While the PCI bus enables data transfer to system memory, the Display Control Interface for Windows 3.x and Direct Draw Interface for Windows 95 software standards support sending images directly to VGA graphics-card memory. Consequently, you can view acquired video signals in real time while the host simultaneously processes it (see "Understanding frame grabber specifications," p. 45). "Until now, image-processing and machine-vision applications were relegated to expensive platforms such as the VMEbus, specialized processing environments, or workstations. High-performance image processing was not available in PC environments at reasonable cost," says Michael Cyros, product manager at Datacube (Danvers, MA).
With PCI-bus-based hosts, frame grabbers can transfer digitized image data directly to system memory. Data Translation (Marlboro, MA) takes this approach with its analog- and digital-input frame grabbers, which rely on the host for image storage, processing, and display. For example, the DT3155-PM for the Power Macintosh acquires and digitizes four analog video inputs and transfers the pixel data to the host over the PCI bus, performing only limited hardware-based scaling and cropping. The frame grabber relies on the host to store image data and execute image-processing algorithms.
BitFlow (Woburn, MA) takes a similar approach with its Road Runner, emphasizing the PCI board as a multichannel digital-camera interface.

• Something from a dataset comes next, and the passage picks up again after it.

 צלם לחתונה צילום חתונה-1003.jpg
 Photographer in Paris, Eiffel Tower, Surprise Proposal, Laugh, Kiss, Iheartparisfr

"Road Runner`s sustained transfer rate exceeds the camera data rate, so on-board frame-buffer memory is unnecessary, and host memory can be used as the frame buffer. Data become available to the host as they arrive from the camera, eliminating the 20- to 200-ms delay that frame-grabber buffer memory can impose," says marketing vice president Jeffrey Wilson.
Those advocating limited or no on-board processing and memory also suggest leaving display output tasks to the host. "On-board display hardware is unnecessary. An image-acquisition product that includes a VGA chip binds you to a proprietary architecture that cannot improve with time," says Wilson of BitFlow.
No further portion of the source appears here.